Two cases are to be heard together to essentially settle an argument: Does the National Energy Board (NEB) execute the Crown’s duty to consultation with Indigenous communities through its public consultation process?

The Chippewas of the Thames First Nation in Ontario and the Inuit community of Clyde River in Nunavut argue it doesn’t. The NEB approved both projects.

The NEB is not a Crown agent, but part of the executive branch of the federal government, and makes recommendations to Ottawa on whether energy projects should proceed. The federal cabinet then gives final approval.

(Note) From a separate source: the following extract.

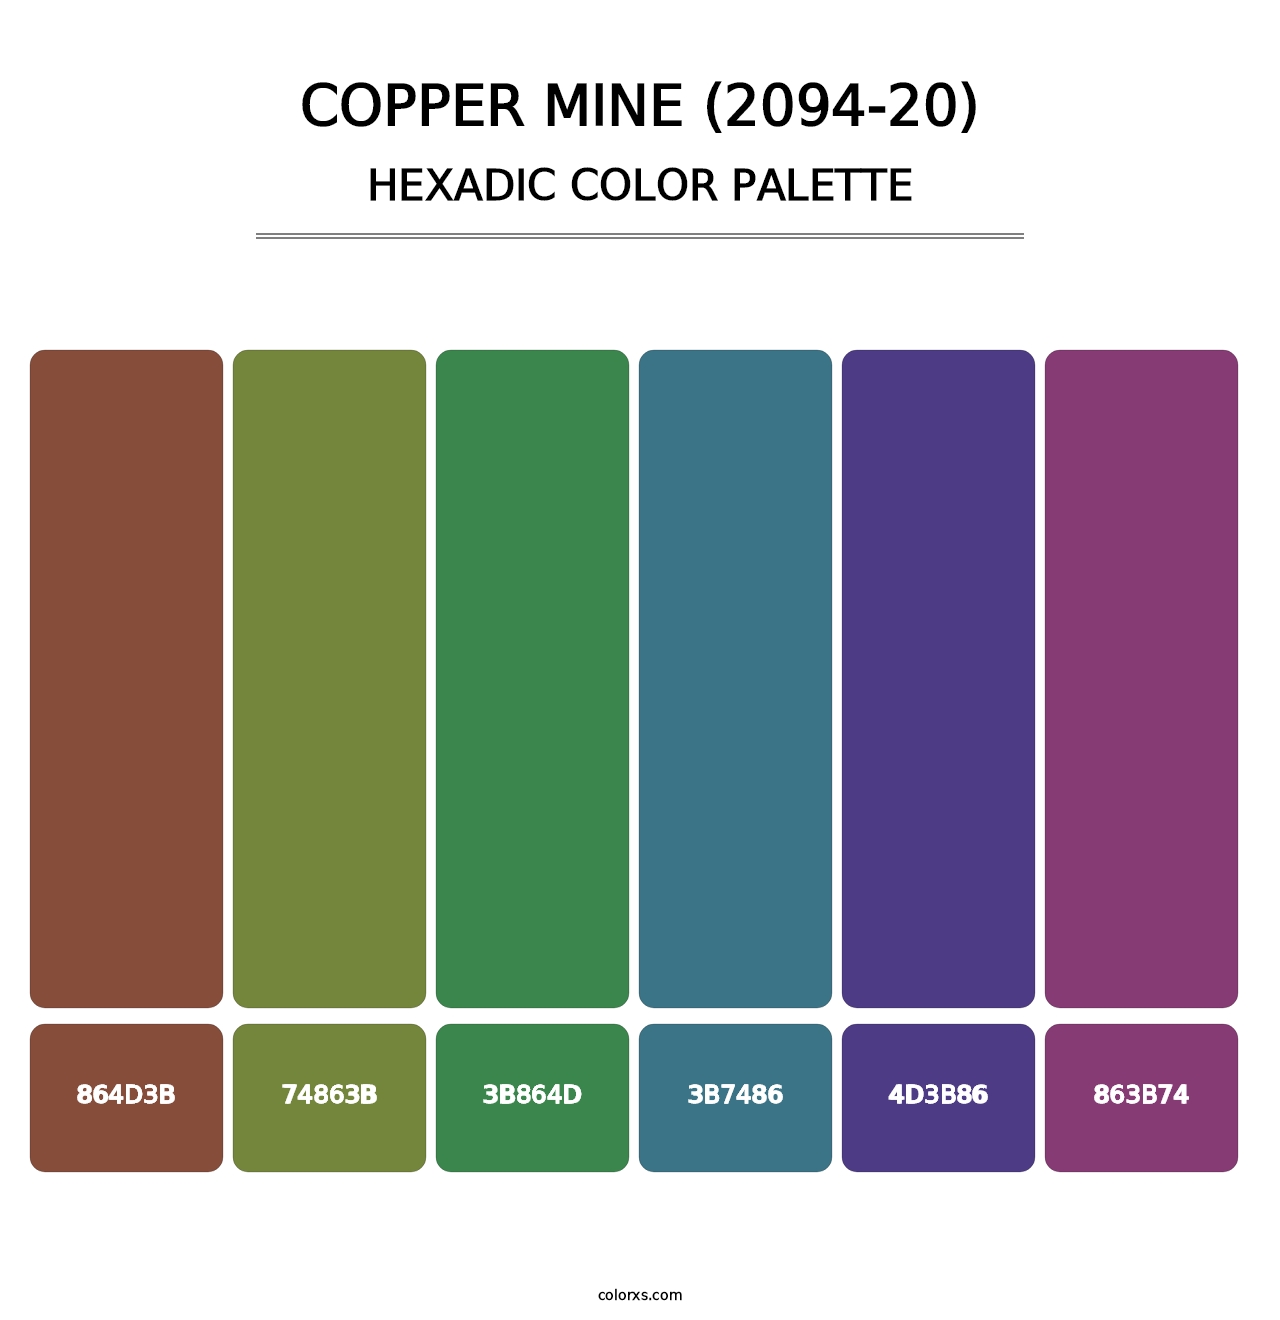 Copper Mine (2094-20) - Hexadic Color Palette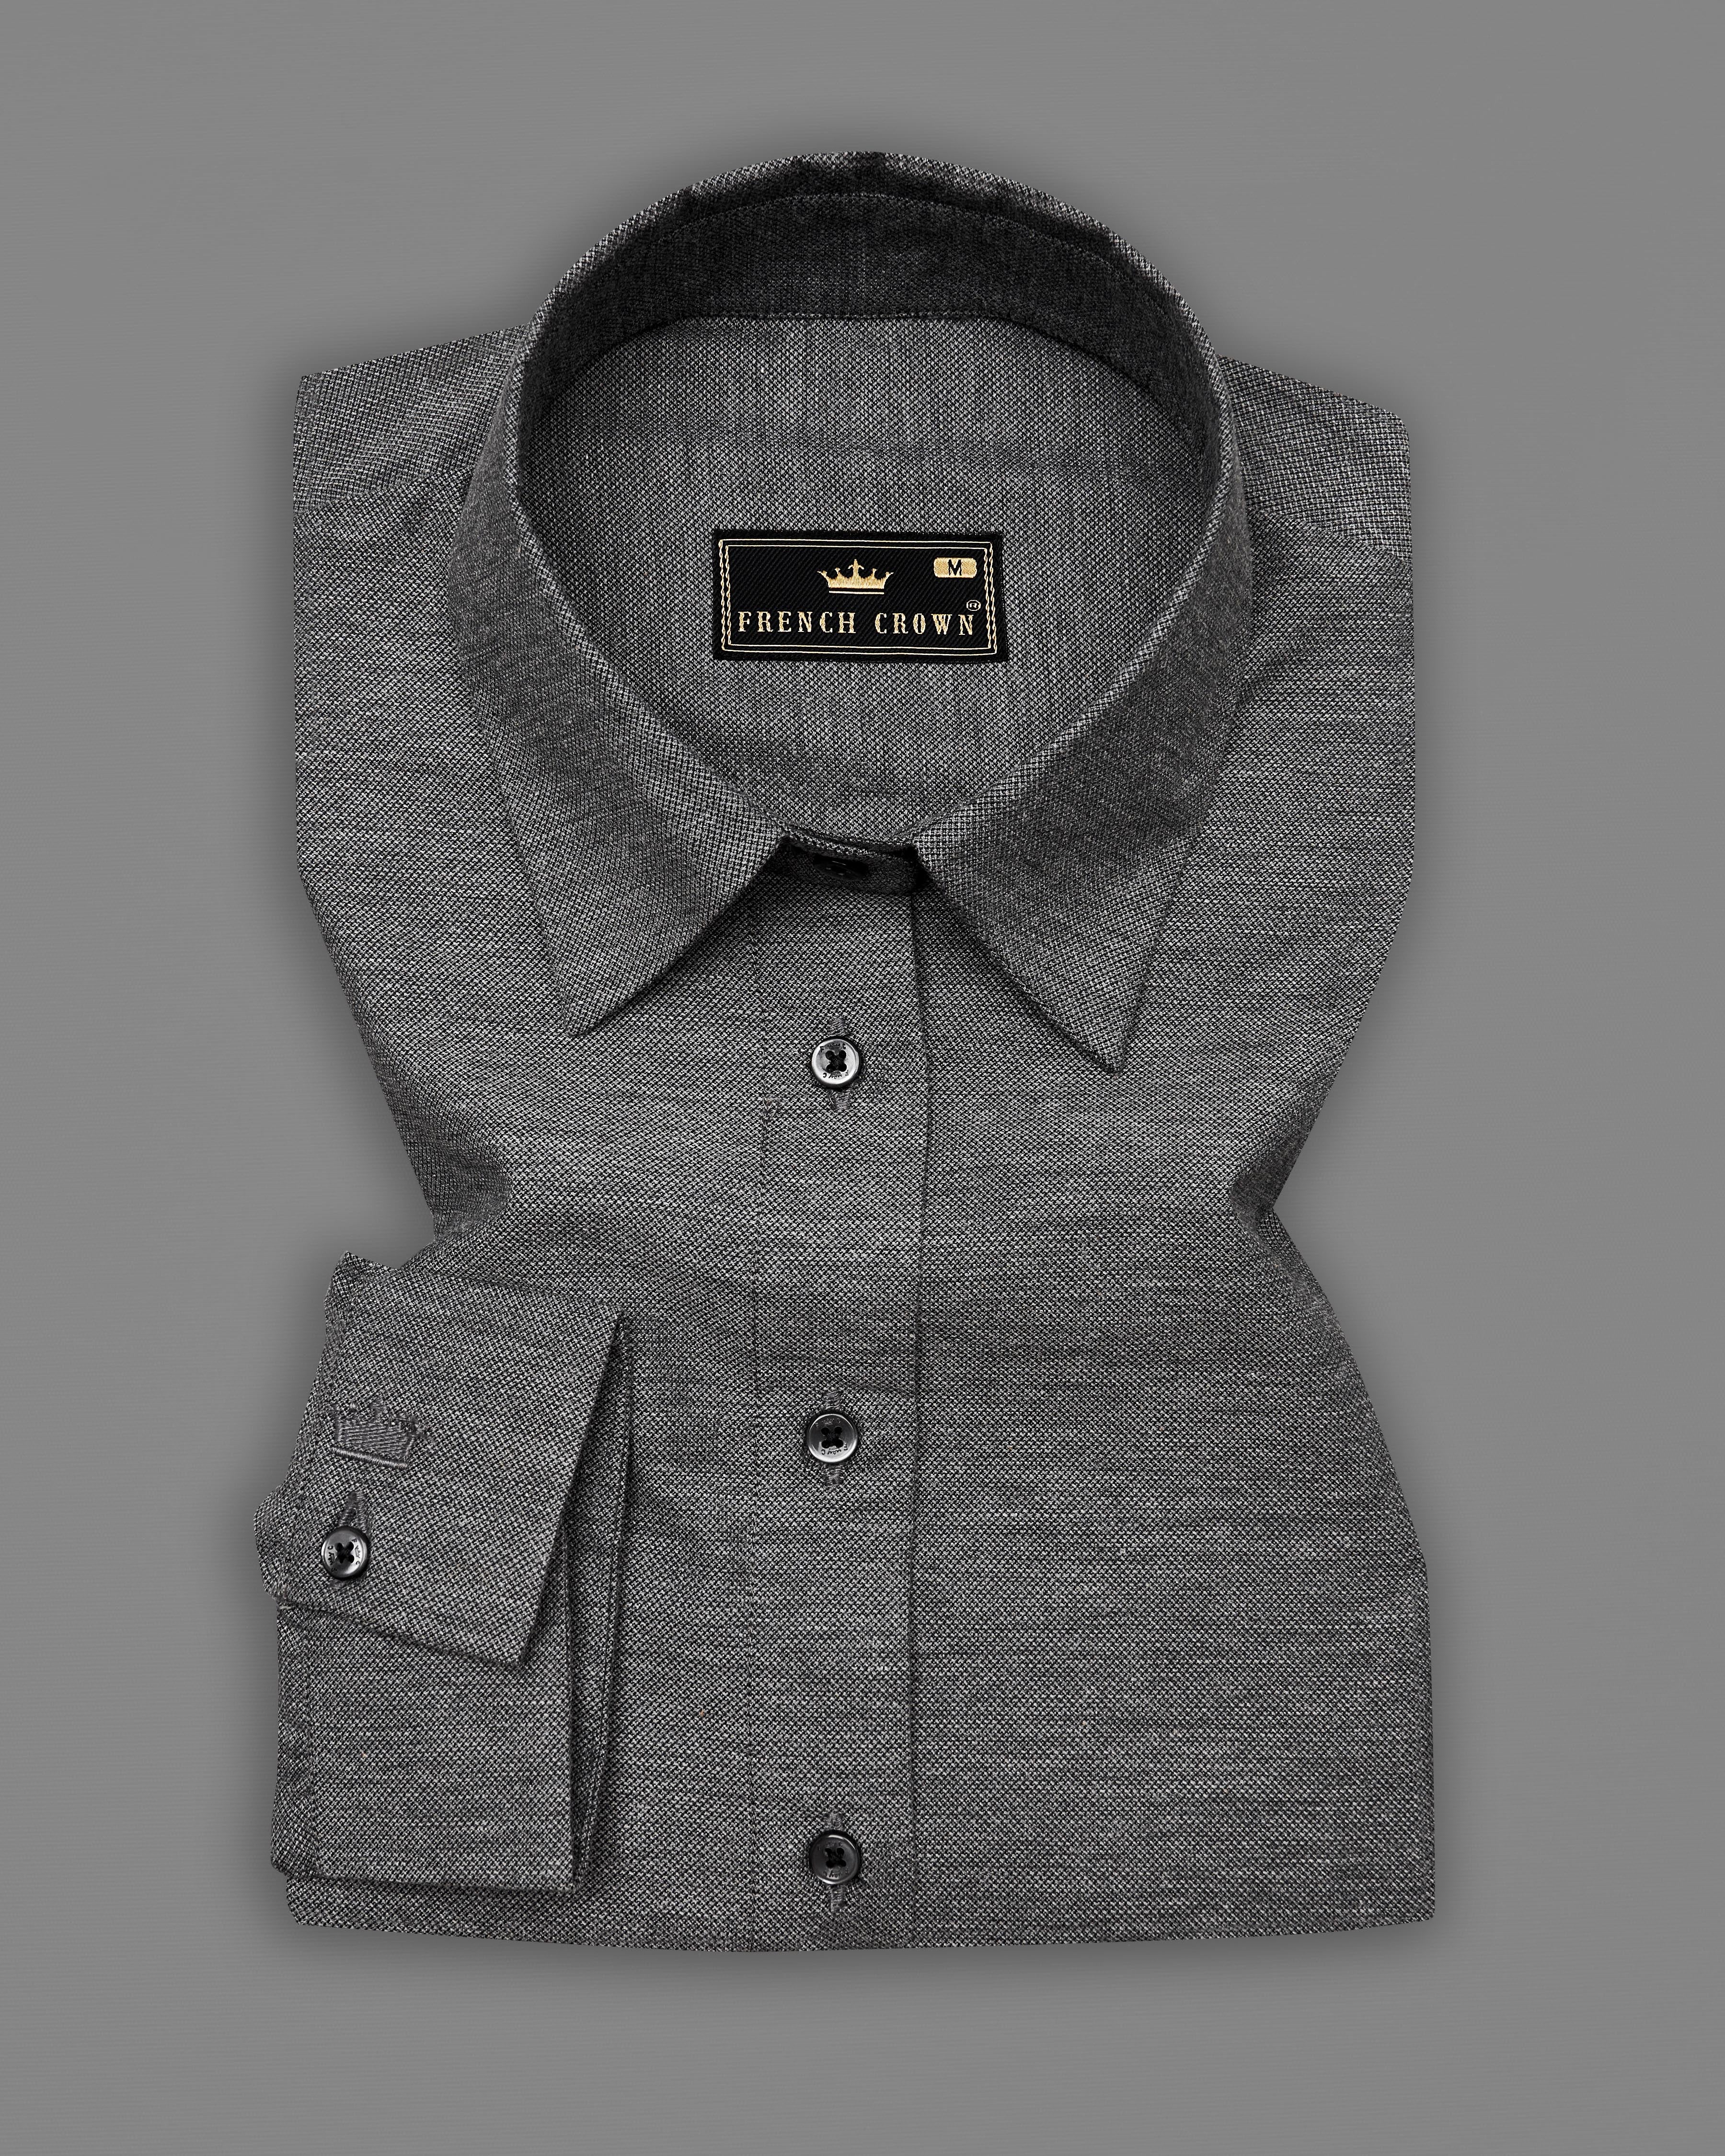 Concord Gray Premium Cotton ShirtWS044-BLK-32, WS044-BLK-34, WS044-BLK-36, WS044-BLK-38, WS044-BLK-40, WS044-BLK-42

In the case of the Chippewas, located near London, Ont., they opposed Enbridge’s interest in expanding and reversing the flow on a large portion of an existing oil pipeline that stretches approximately 830 km from Sarnia, Ont. to Montreal, Que. The section of pipeline in question is known as Line 9B, and was constructed in 1975.

In Nunavut, the NEB approved Petroleum Geo-Services to conduct seismic testing in the waters of Baffin Bay and Davis Strait off the coast of Baffin Island in Nunavut.

The testing would happen 24 hours a day, five months per year for five years, something the Hamlet of Clyde River and other interested parties oppose.

Residents feel the testing is harmful to marine mammals, including narwhal, ringed seal and the bowhead whale – something the Inuit rely on for their food and culture.

Wednesday’s rally was planned weeks in advance but was strengthened by Trudeau approving two pipeline expansion projects coming out of Alberta – Kinder Morgan’s Trans Mountain from Alberta to Burnaby, B.C. and Enbridge’s Line 3 from Hardisty, Alta., through Neche, ND, to Superior, Wis.

Trudeau rejected Enbridge’s proposed Northern Gateway project, which would also have moved bitumen from Alberta to the B.C. coast.

Protests are already being planned by environment and climate activists, as well as First Nations and Indigenous people who oppose the expansions.

Tsleil-Waututh has vowed to stop the Trans Mountain expansion.